What the exercise asks: Everything in the listing below must be set down again exactly, apart from the pictures.

Material provided:
○ ○ ○ ○ ○ ○ ○

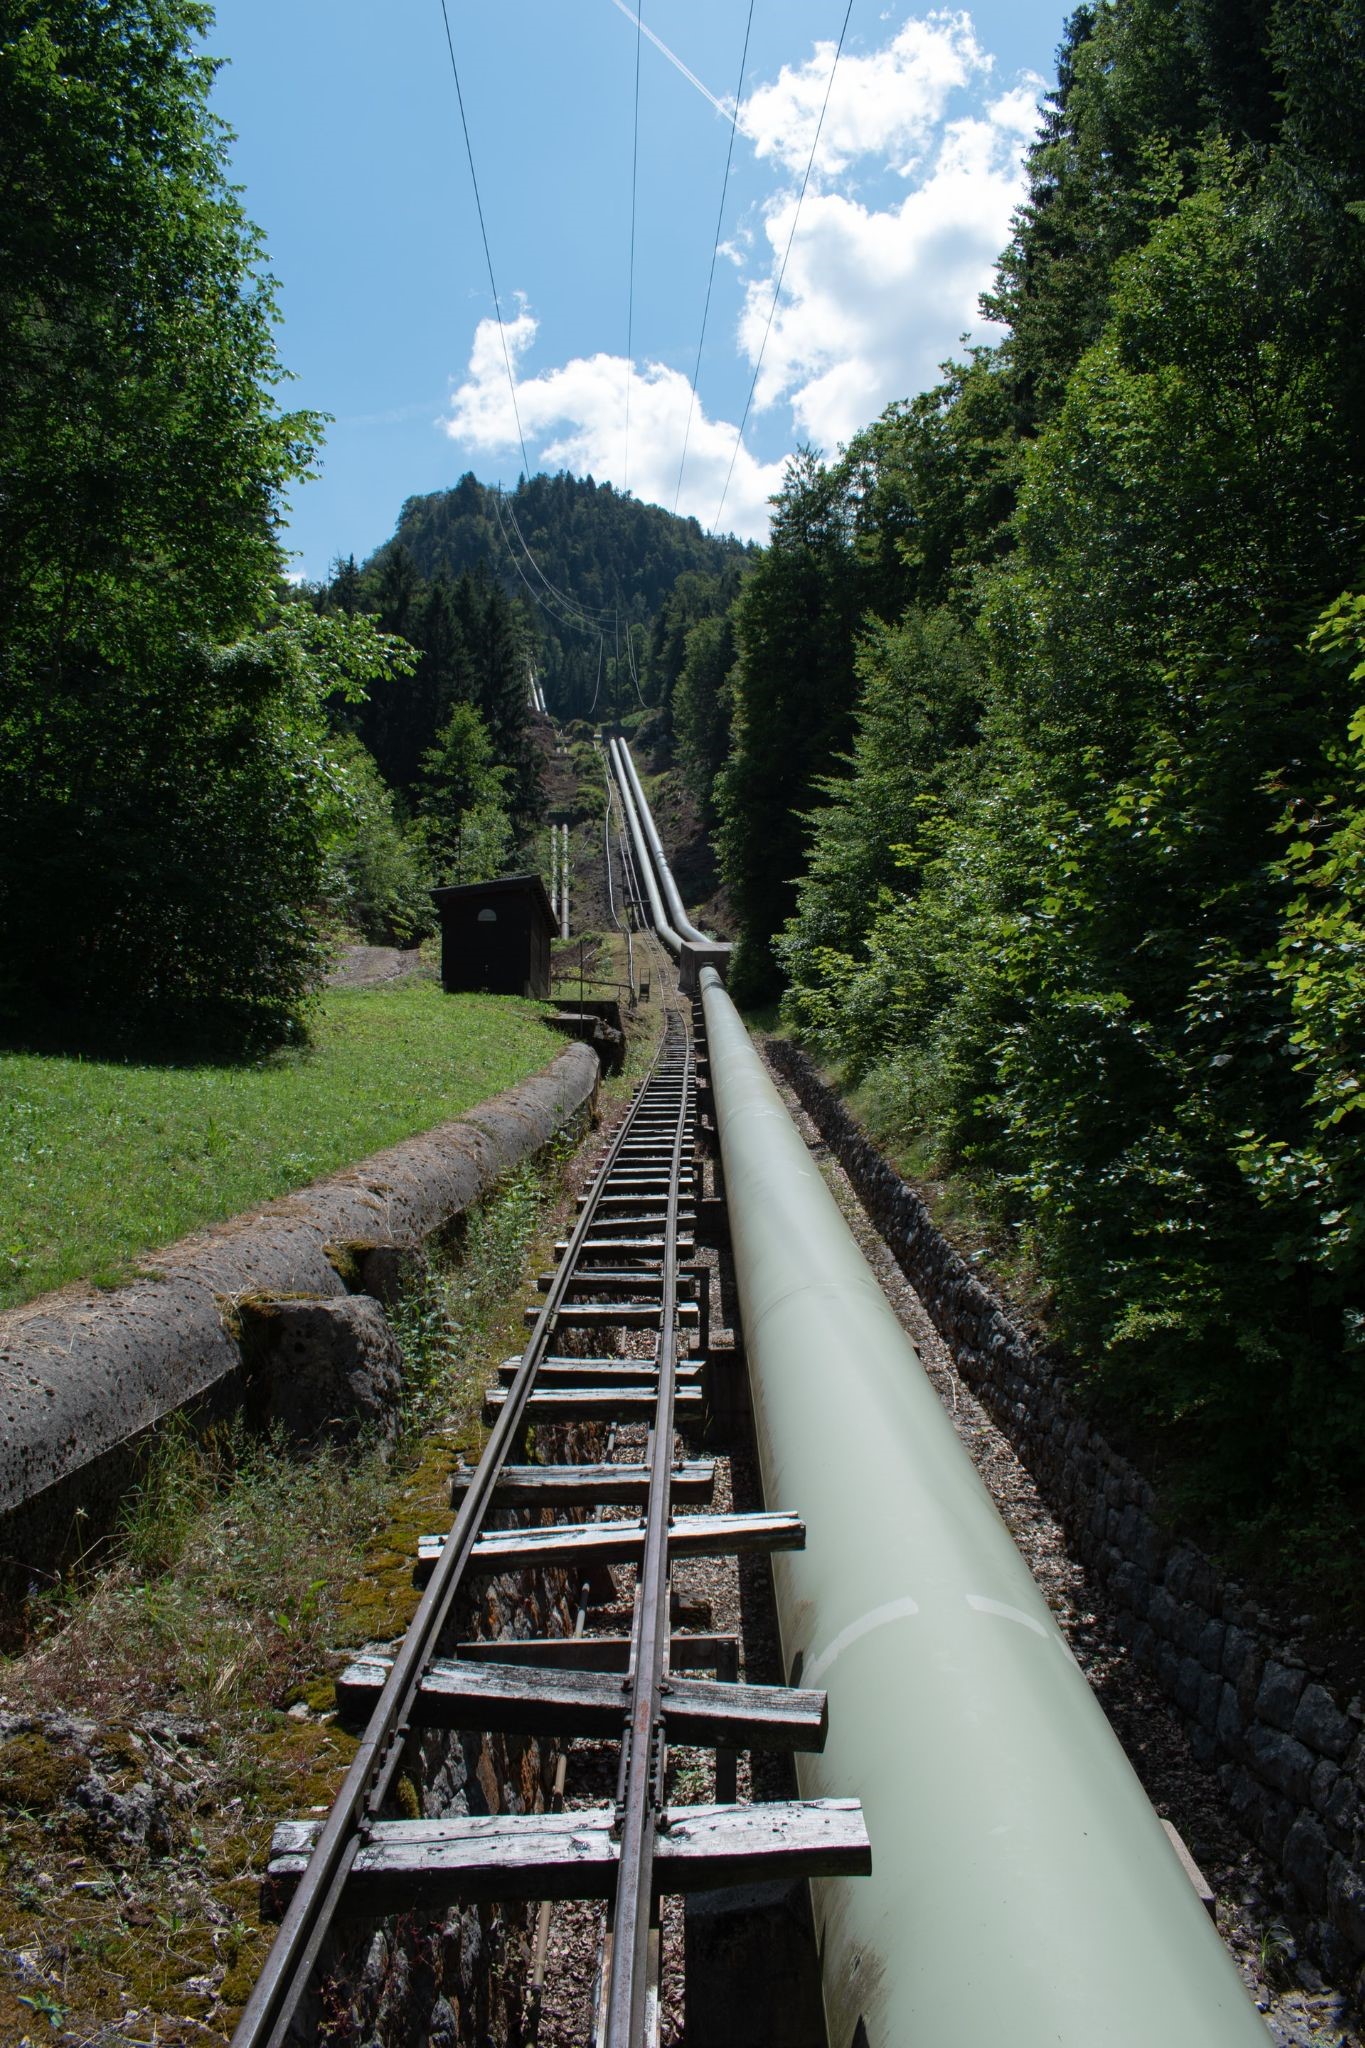 A pipeline with mowed turf alongside it
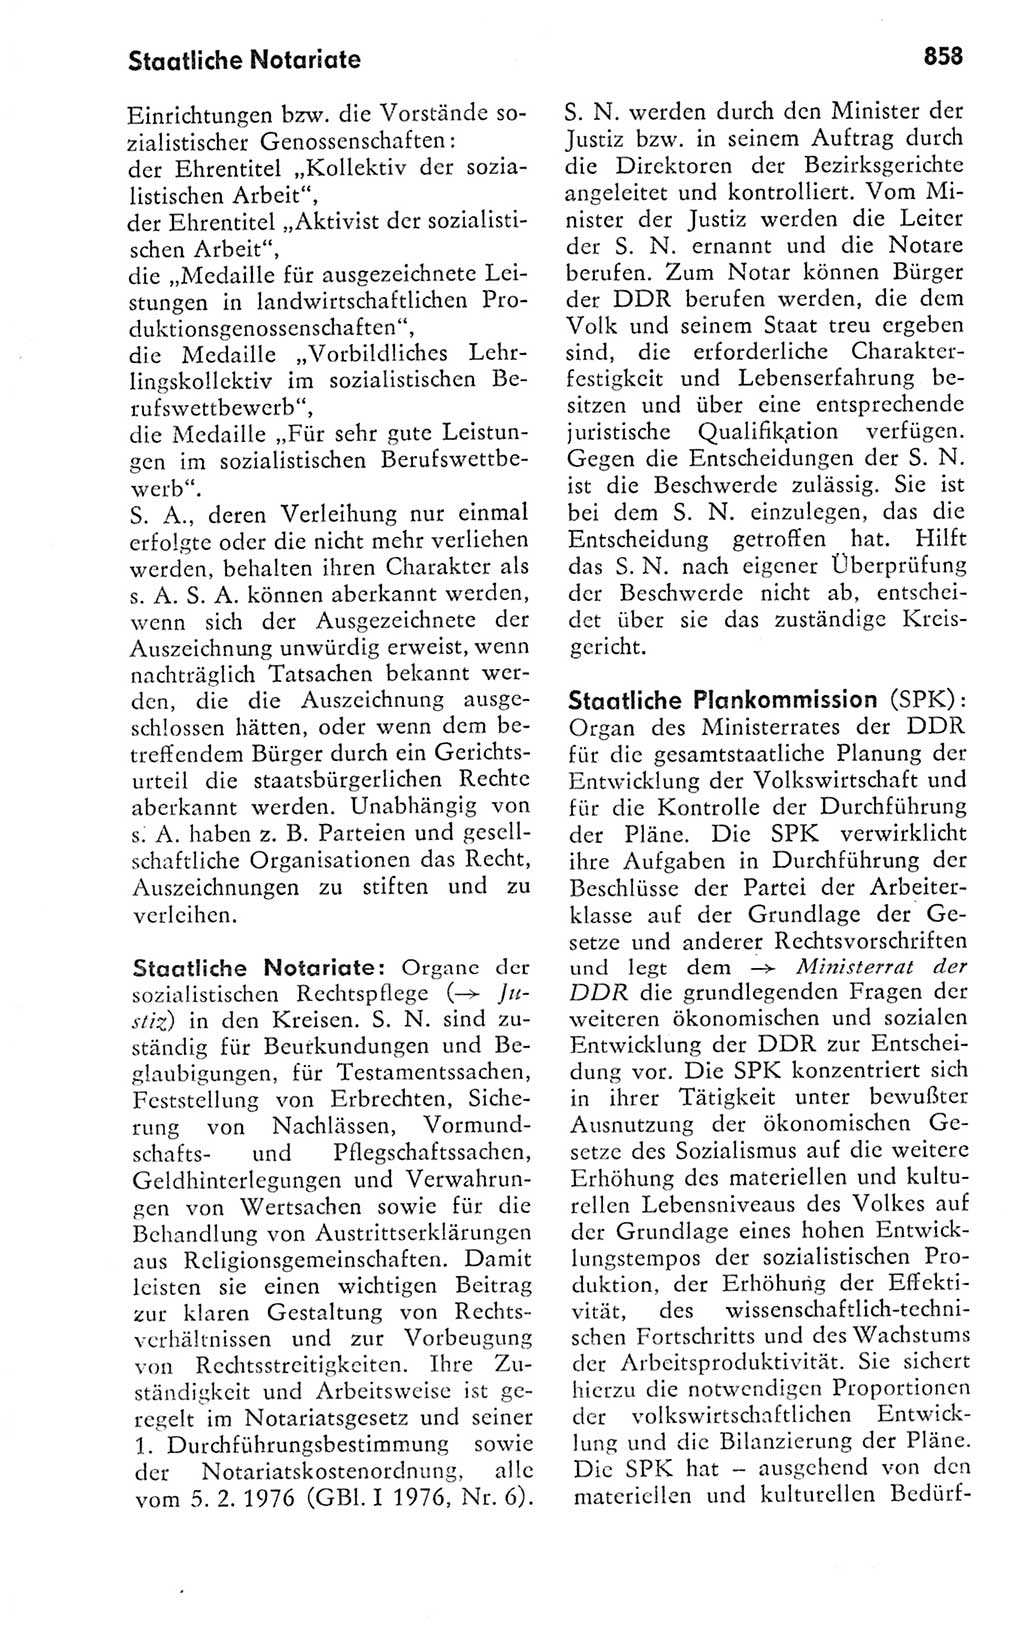 Kleines politisches Wörterbuch [Deutsche Demokratische Republik (DDR)] 1978, Seite 858 (Kl. pol. Wb. DDR 1978, S. 858)
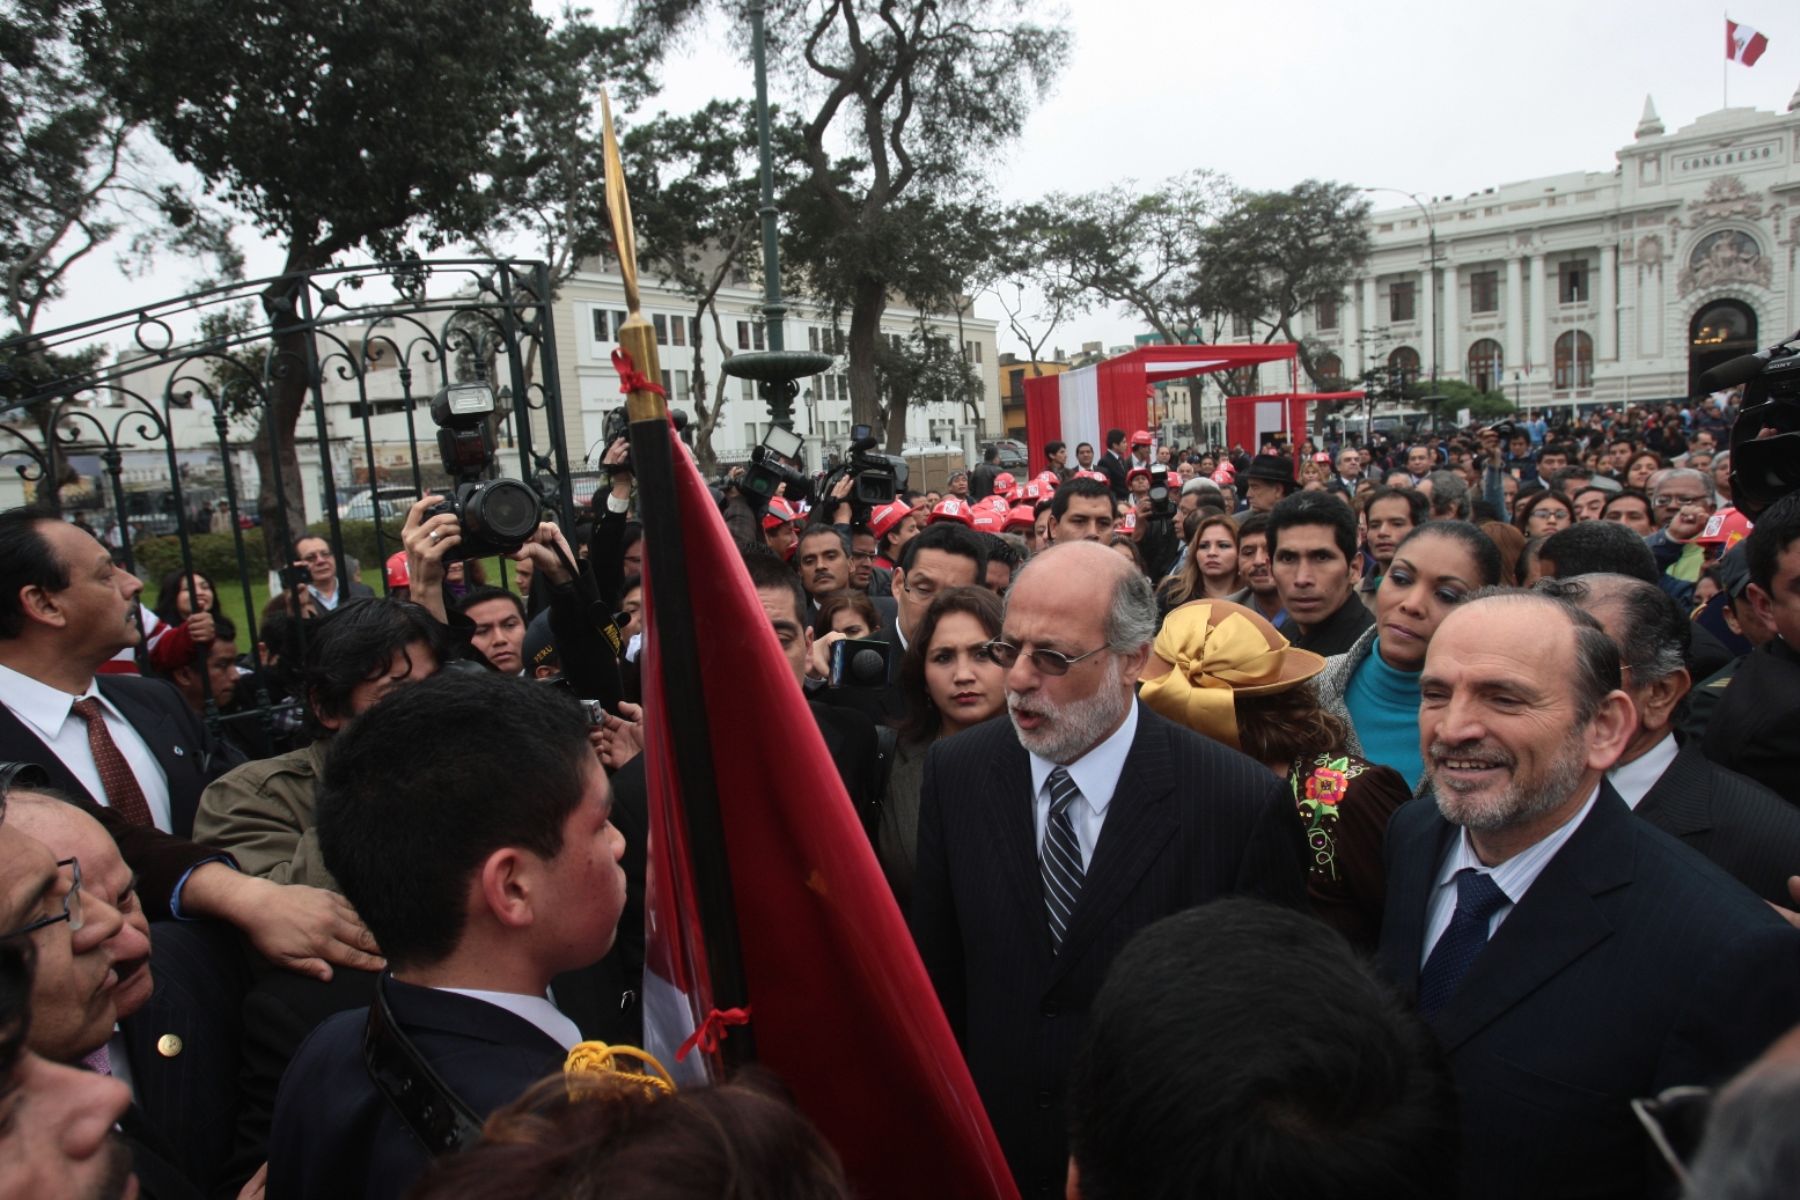 El presidente del Congreso, Daniel Abugattás, encabezó ceremonia de apertura de las puertas de plaza Bolívar. Foto: ANDINA/Juan Carlos Guzmán Negrini.
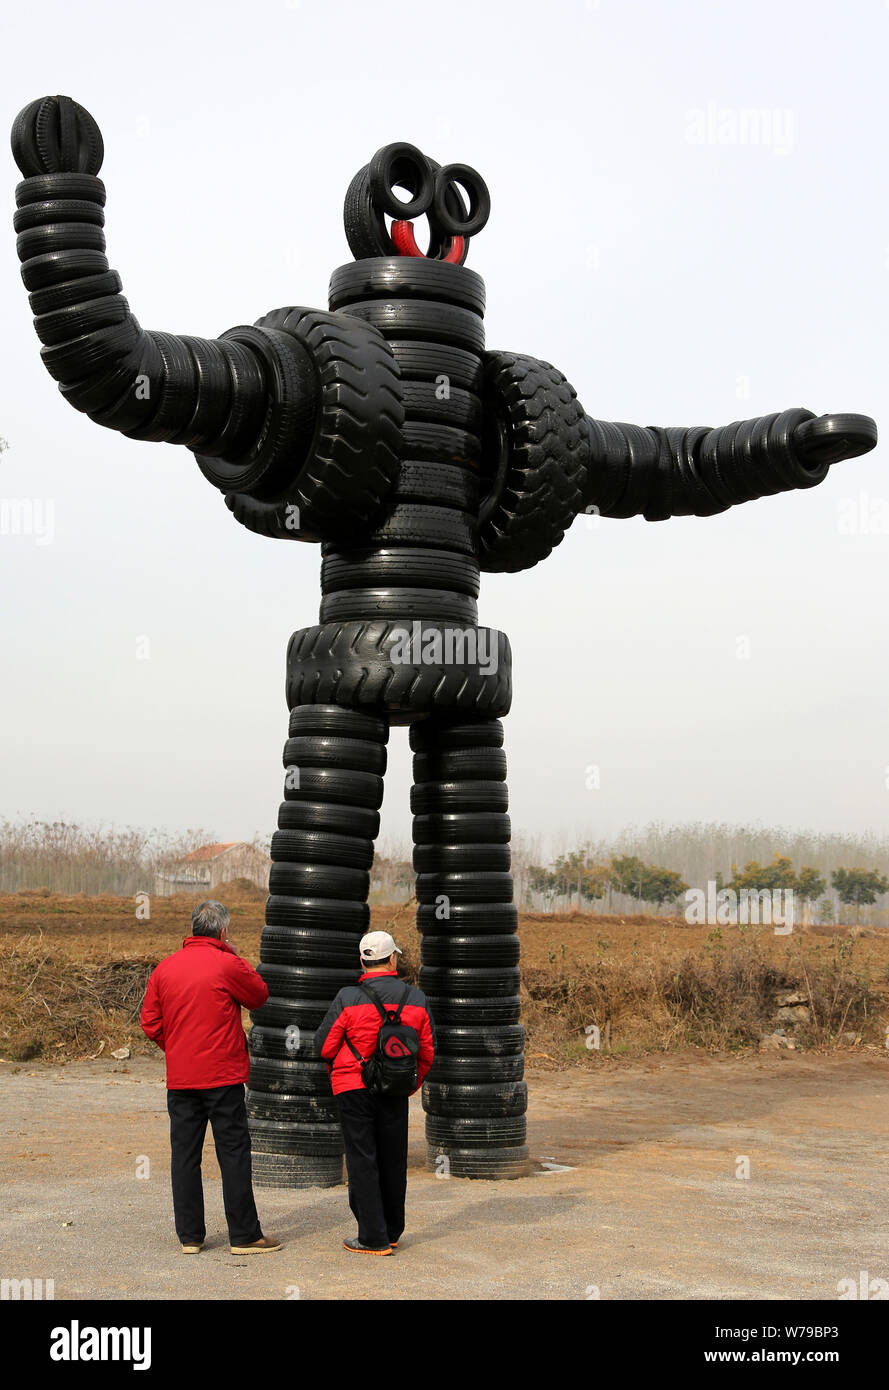 Les visiteurs regarder une sculpture de pneu à un parc de sculptures des pneus à Zaozhuang City, Shandong province de Chine orientale, le 19 novembre 2017. Touristes ont visité un t Banque D'Images

○ ○ ○ ○ ○ ○ ○

Completed exercise:
 A pipeline with mowed turf alongside it
 Kleines politisches Wörterbuch [Deutsche Demokratische Republik (DDR)] 1978, Seite 858 (Kl. pol. Wb. DDR 1978, S. 858)
 El presidente del Congreso, Daniel Abugattás, encabezó ceremonia de apertura de las puertas de plaza Bolívar. Foto: ANDINA/Juan Carlos Guzmán Negrini.
 Les visiteurs regarder une sculpture de pneu à un parc de sculptures des pneus à Zaozhuang City, Shandong province de Chine orientale, le 19 novembre 2017. Touristes ont visité un t Banque D'Images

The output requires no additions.